I have a dataframe (dcc) loaded in R which I have narrowed down to complete cases.
str(dcc)
'data.frame': 41715 obs. of 9 variables:
$ XCoord : num 661382 661412 661442 661472 661502 ...
$ YCoord : num 648092 648092 648092 648092 648092 ...
$ OBJECTID : int 1 2 3 4 5 6 7 8 9 10 ...
$ POINTID : int 1 2 3 4 5 6 7 8 9 10 ...
$ GRID_CODE : int 0 0 0 0 0 0 0 0 0 0 ...
$ APPL_COST_DIST_RIV_COAST: num 21350 21674 22185 22748 23448 ...
$ APPL_DEM30 : int 785 793 792 769 765 777 784 789 781 751 ...
$ APPL_DEM30_SLOPE : num 19.7 13.3 18.6 23.2 21 ...
$ APPL_SITE_NONSITE : Factor w/ 2 levels "0","1": 1 1 1 1 1 1 1 1 1 1 ...
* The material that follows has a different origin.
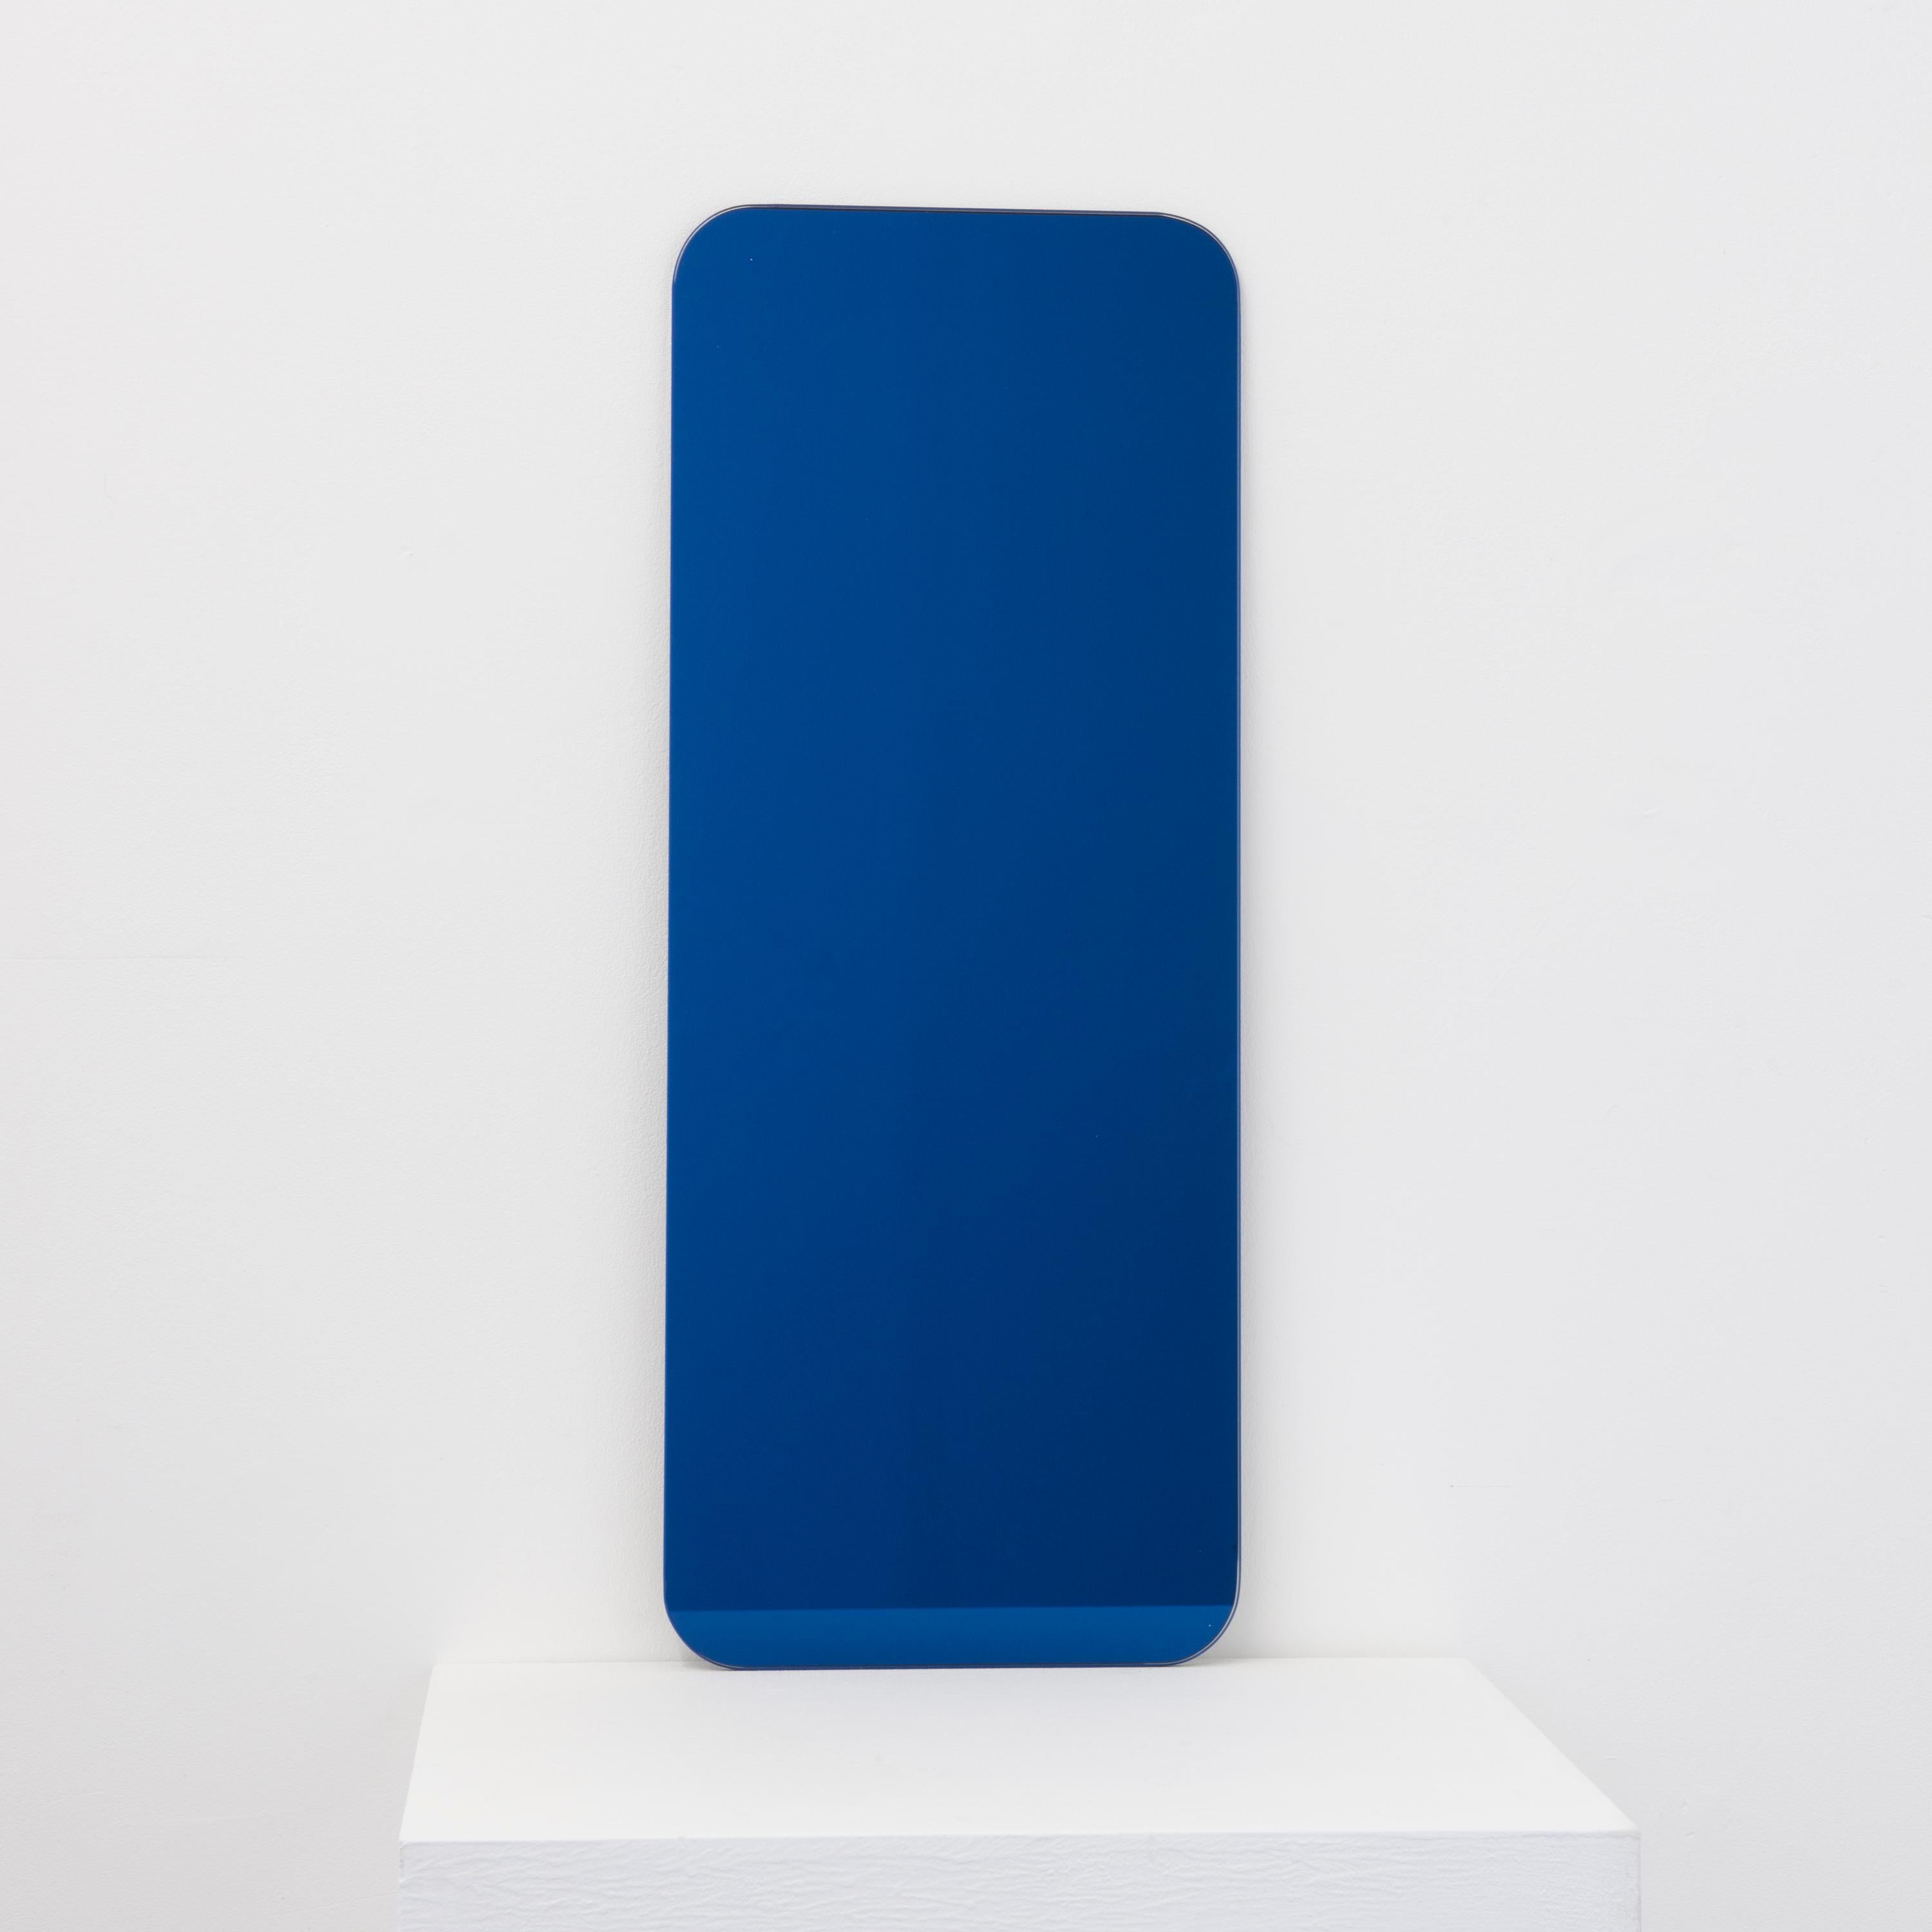 Quadris Blue Rectangular Frameless Contemporary Mirror, Medium For Sale 1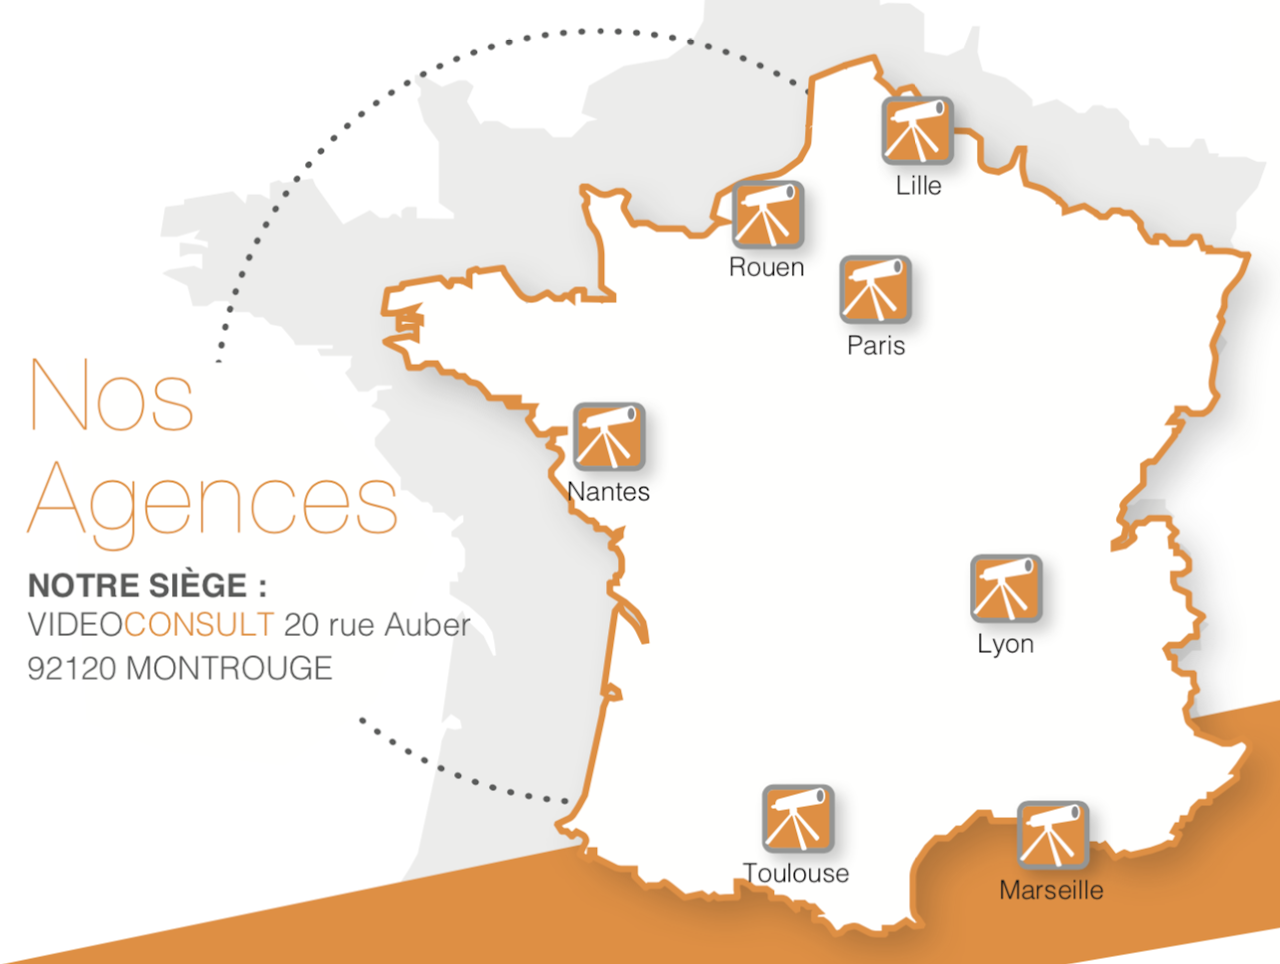 Agences en France VideoConsult - Carte de France avec les emplacements Lille, Nantes, Marseille, Rouen, Paris, Lyon, Toulouse

I want to standardize the numeric and integer variables by subtracting the mean and dividing by the standard deviation. When I apply the following code, I inadvertently drop the factor variable APPL_SITE_NONSITE from the dataframe:
ind <- sapply(dcc, is.numeric)
dcc.s<-sapply(dcc[,ind], function(x) (x-mean(x))/sd(x))
dcc.s<-data.frame(dcc.s)
If I'm not mistaken, that happens because ind=FALSE for that variable. It seems like I need some combination of a for loop and if/else statement to standardize the numeric variables and leave the factor variable alone. I have tried a number of permutations, but keep getting errors. For example, the following code:
dcc.s <- for (i in 1:ncol(dcc)){ sapply(dcc[,i],
if (is.numeric(dcc[,i])==TRUE) {
function(x) (x-mean(x))/sd(x) }
else {dcc[,i]})
}
returns the error:
Error in match.fun(FUN) : c("'if (is.numeric(dcc[, i]) == TRUE) {' is not a function, character or symbol", "' function(x) (x - mean(x))/sd(x)' is not a function, character or symbol", "'} else {' is not a function, character or symbol", "' dcc[, i]' is not a function, character or symbol", "'}' is not a function, character or symbol")
Perhaps this is a simple formatting error or misplaced bracket, but I'm thoroughly stuck. I am open to other approaches if there is an more elegant way to do this. Any help would be much appreciated.